§ **WHAT YOU ARE ASKED TO DO**:
For the material below, return exactly the lines starting at the line containing "Schabe- & Kakerlakenbekämpfung" and ending at the line containing "SkinCeuticals Physical Matte", both ends included, and no others.

§ **WORKING DATA**:
· · ·
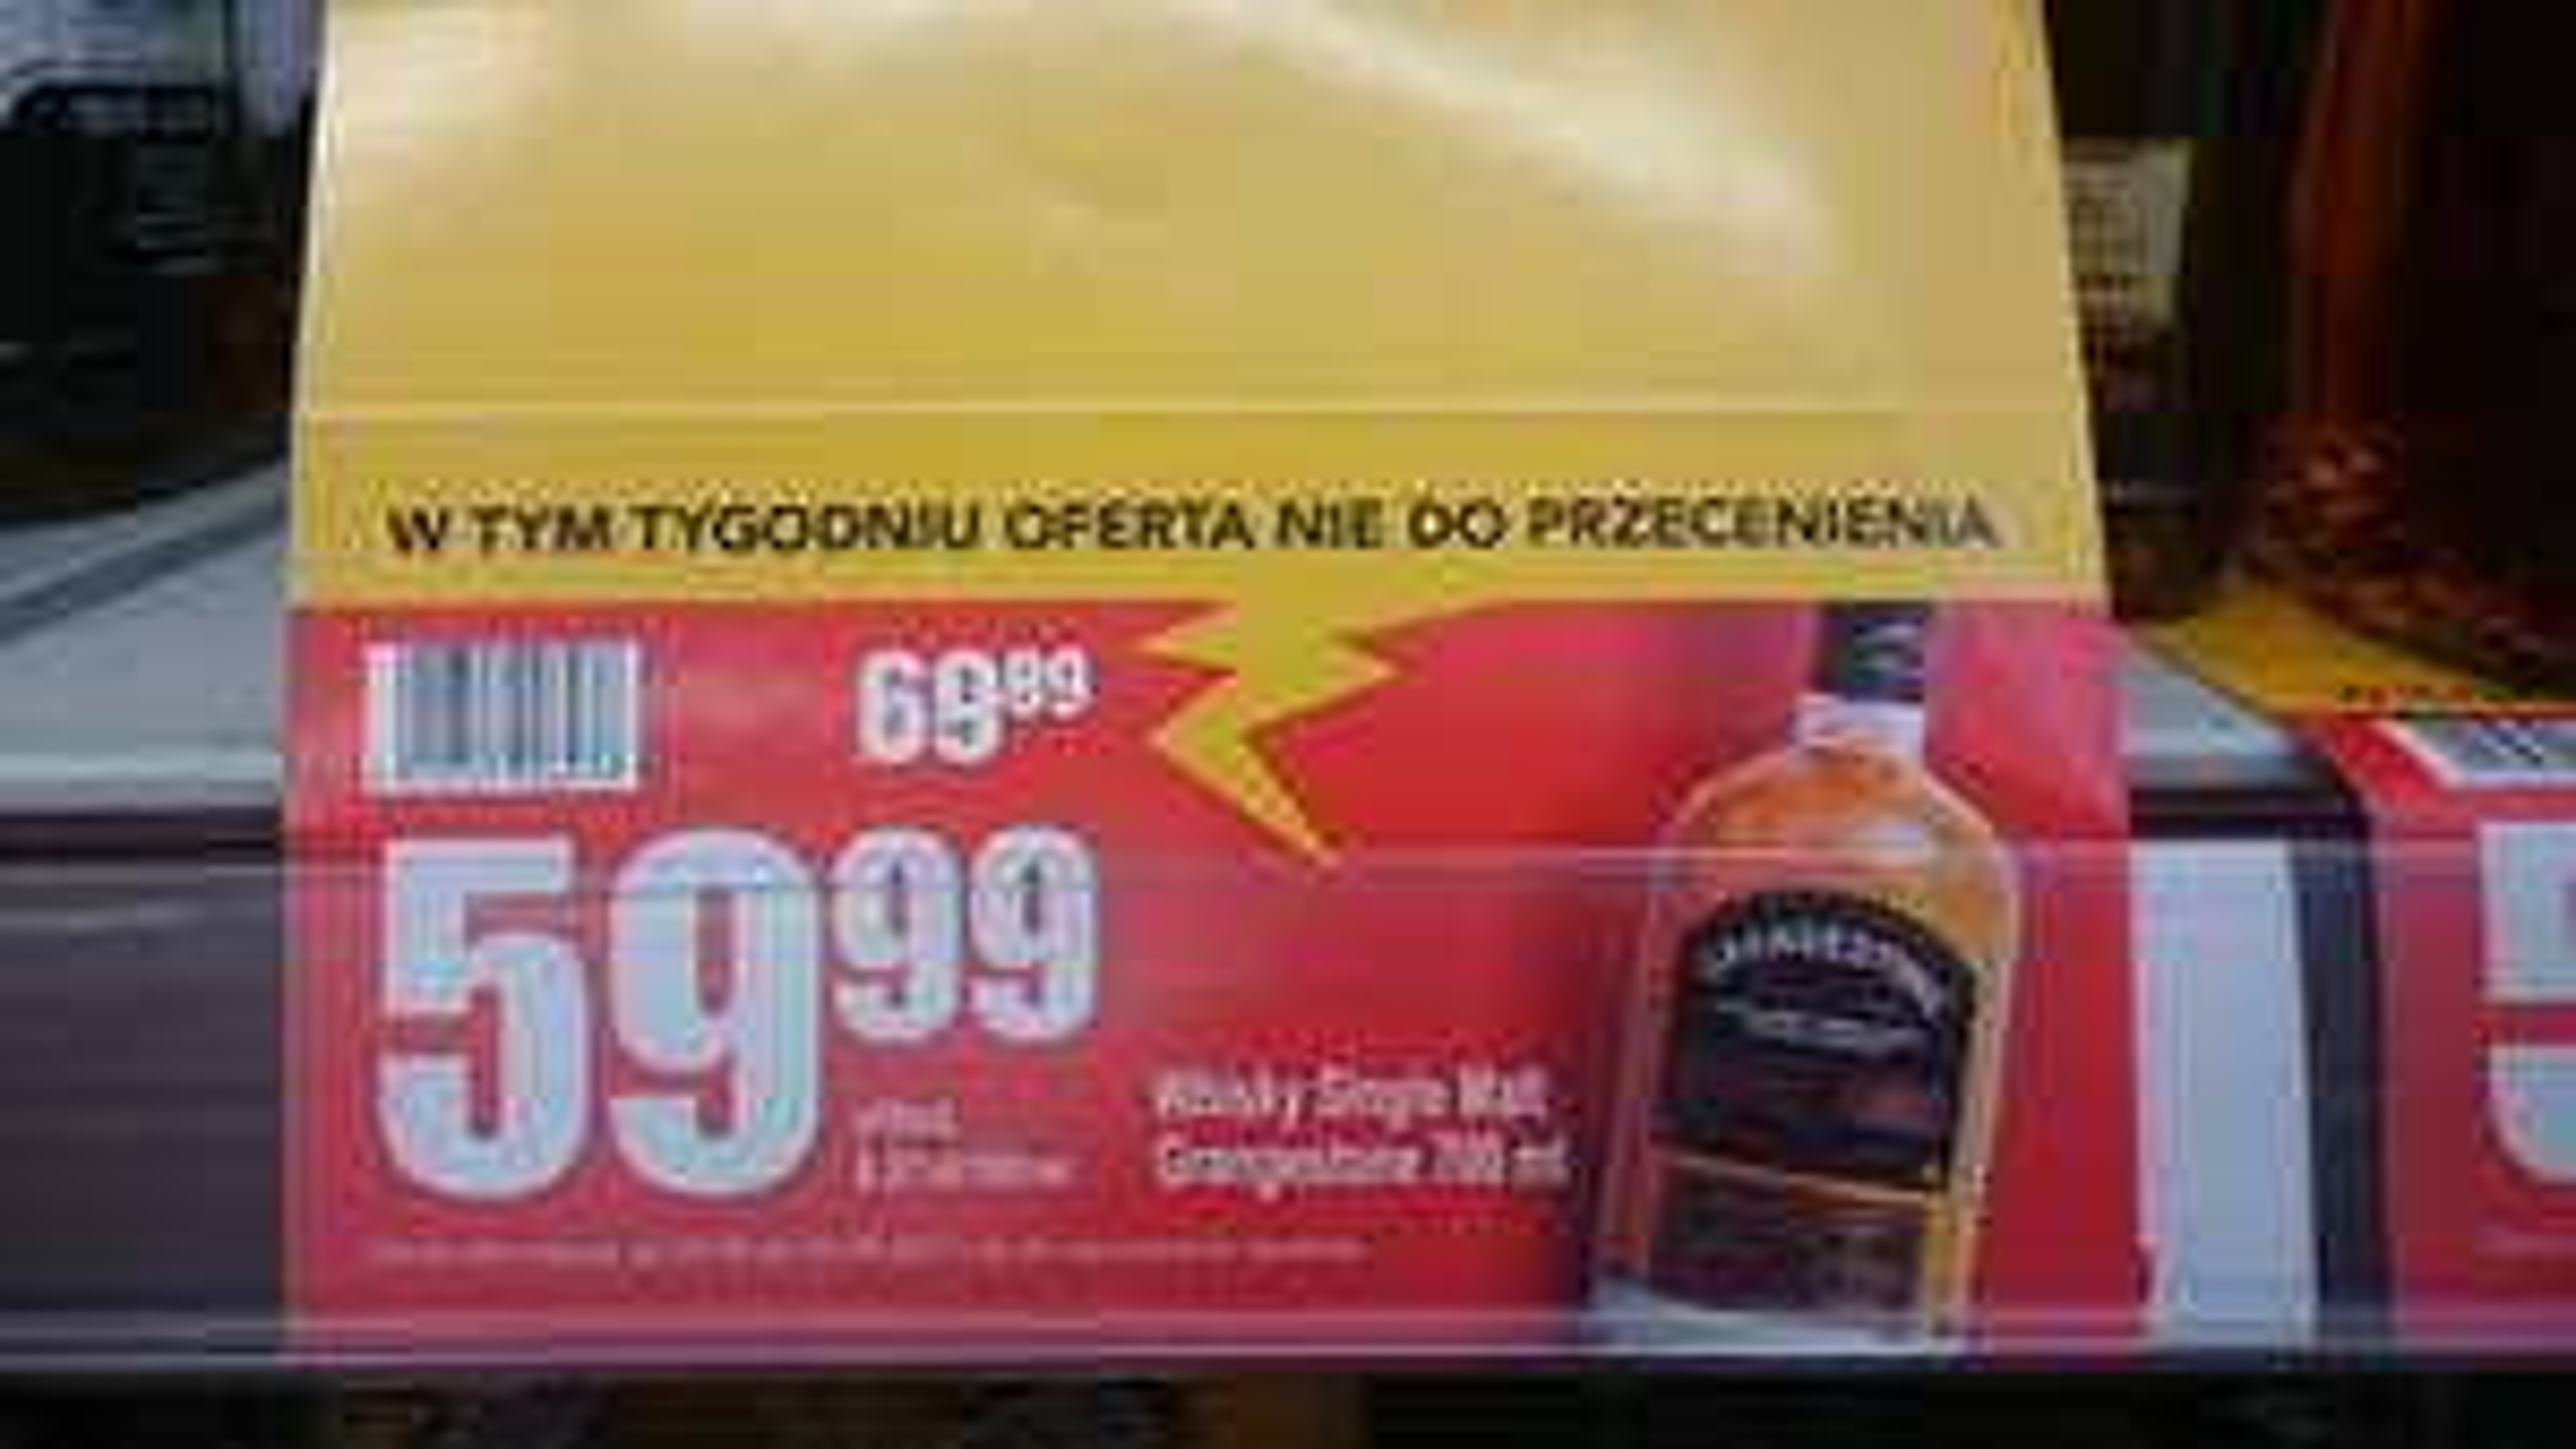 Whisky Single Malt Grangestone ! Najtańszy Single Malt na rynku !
· · ·
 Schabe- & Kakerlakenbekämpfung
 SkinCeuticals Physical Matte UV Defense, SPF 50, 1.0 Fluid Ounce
· · ·
§ **WRITTEN RESPONSE**:
 Schabe- & Kakerlakenbekämpfung
 SkinCeuticals Physical Matte UV Defense, SPF 50, 1.0 Fluid Ounce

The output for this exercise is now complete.